Tennessee-based CoreCivic initially applied for a special use permit
from the city in February but then withdrew that application the
next month, arguing in court filings that it didn’t need the permit
and that the process would take too long.
“It became clear to CoreCivic that there was not a cooperative
relationship,” said Taylor Concannon Hausmann, an attorney for the
private prison operator, speaking in court.
The city sued CoreCivic, the lawsuit claiming that CoreCivic impeded
the city police force’s ability to investigate sexual assaults and
other violent crimes. The lawsuit contended that the permitting
process was needed to safeguard itself from future problems.
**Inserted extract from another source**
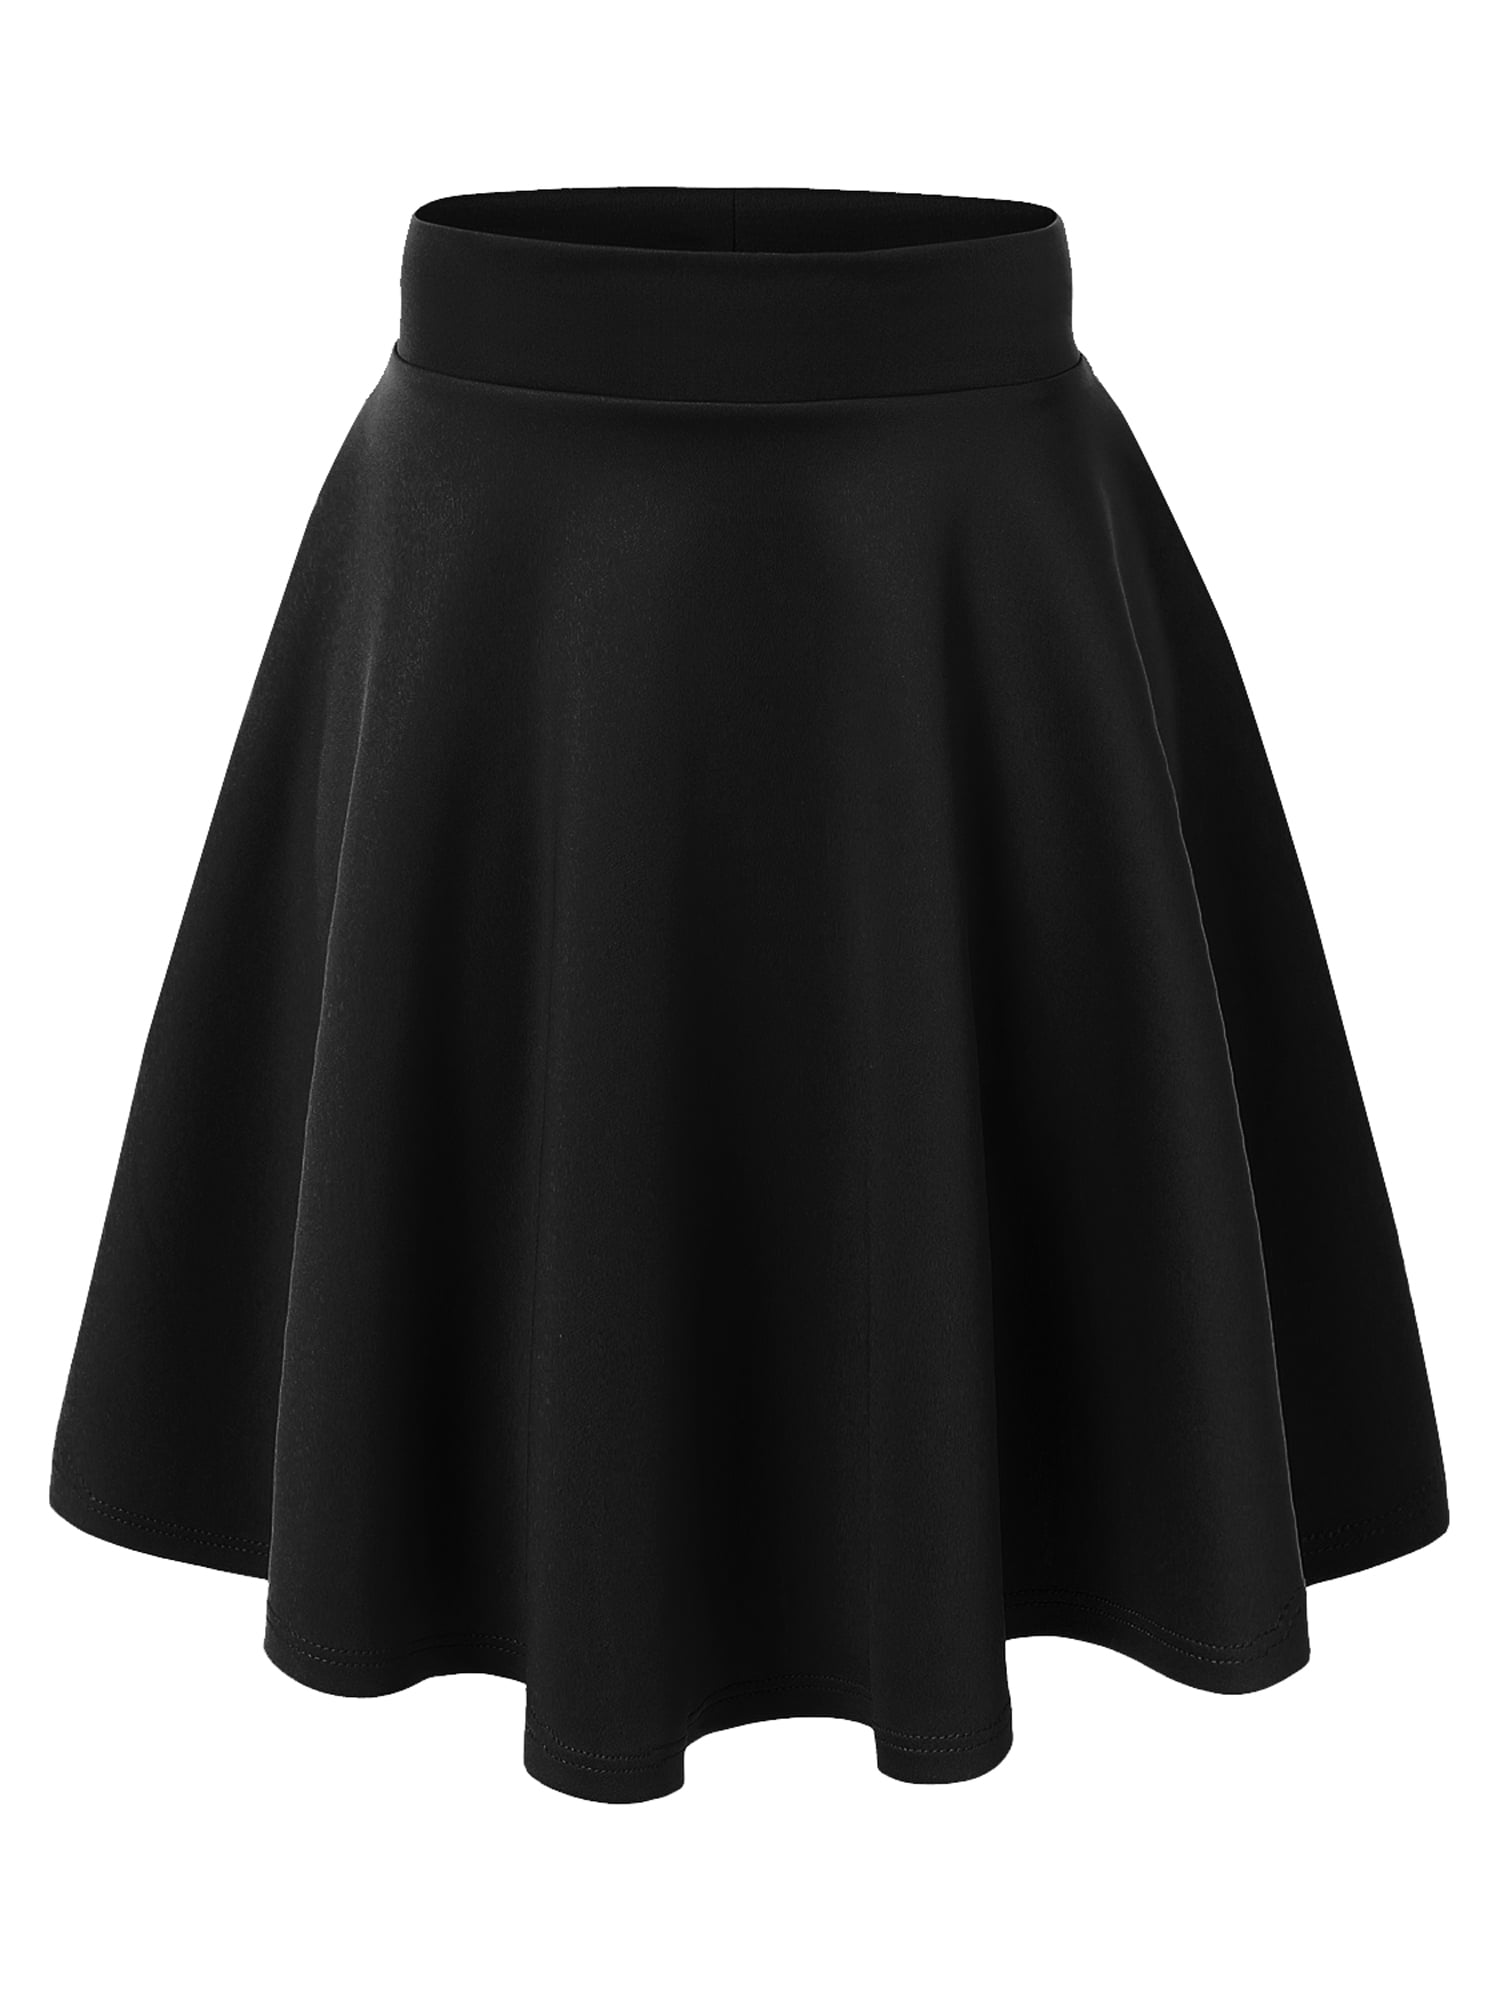 MBJ WB829 Womens Flirty Flare Skirt S BLACK
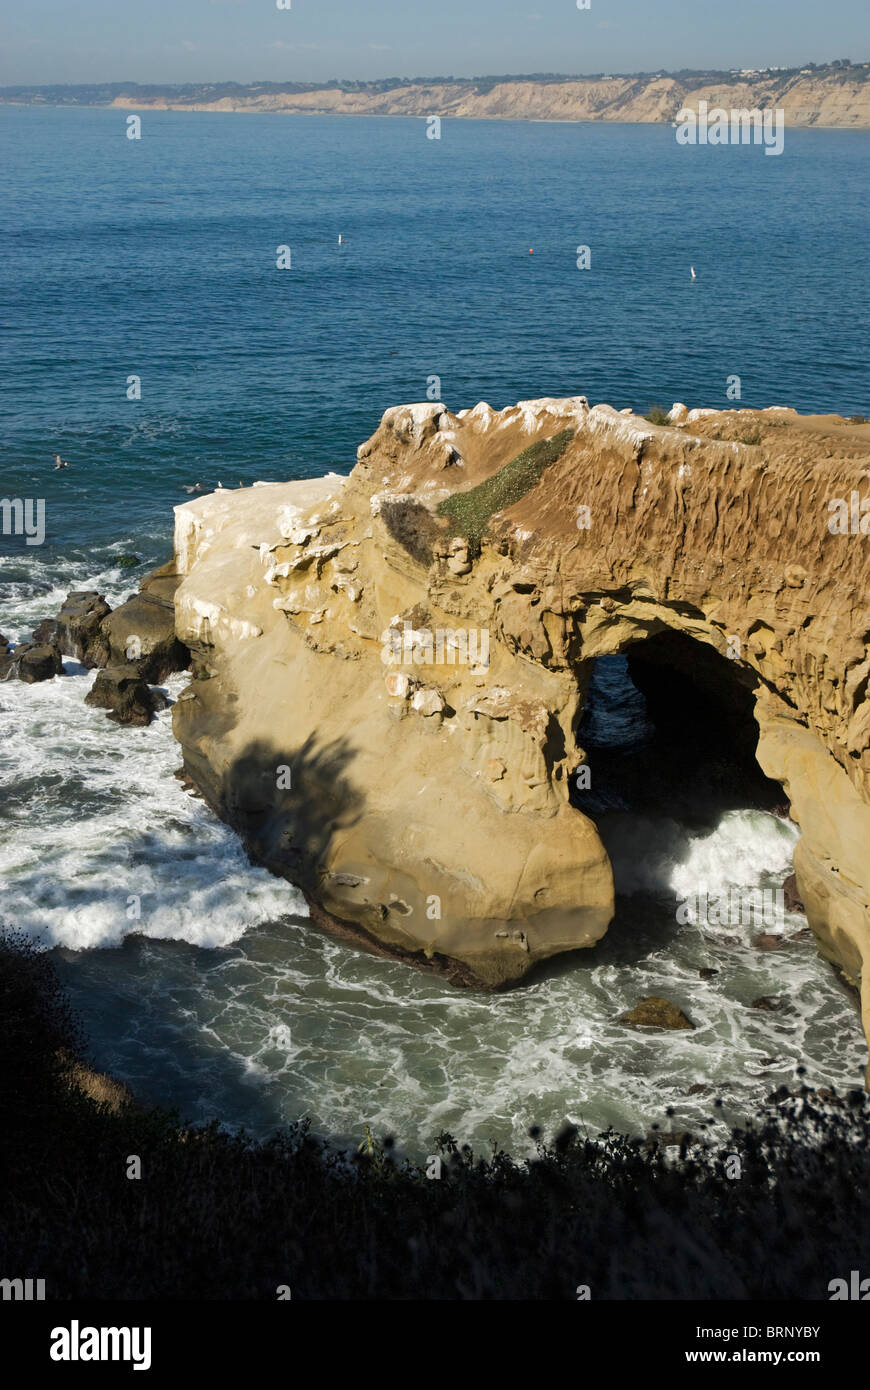 Una cueva marina, visto mirando sobre un acantilado en La Jolla, California, EE.UU. Foto de stock

“Just follow our rules," an attorney for the city, Joe Hatley, said
in court. “Go get a permit.”
The first version of the lawsuit, filed in March in federal court,
was tossed out in May on technical grounds. But Bryant sided with
Hatley in the case refiled the same month in state court, finding
that the proper procedures weren't followed.
Concannon Hausmann, CoreCivic's attorney, declined to comment as the
crowd filtered out of the courtroom Wednesday. Norman Mallicoat held
a sign reading, “CoreCivic Doesn’t Run Leavenworth” as he left.
“I see this as basically a large company trying to bully a small
city into getting what it wants and not having to follow the rules
and ordinances of the city,” Mallicoat said.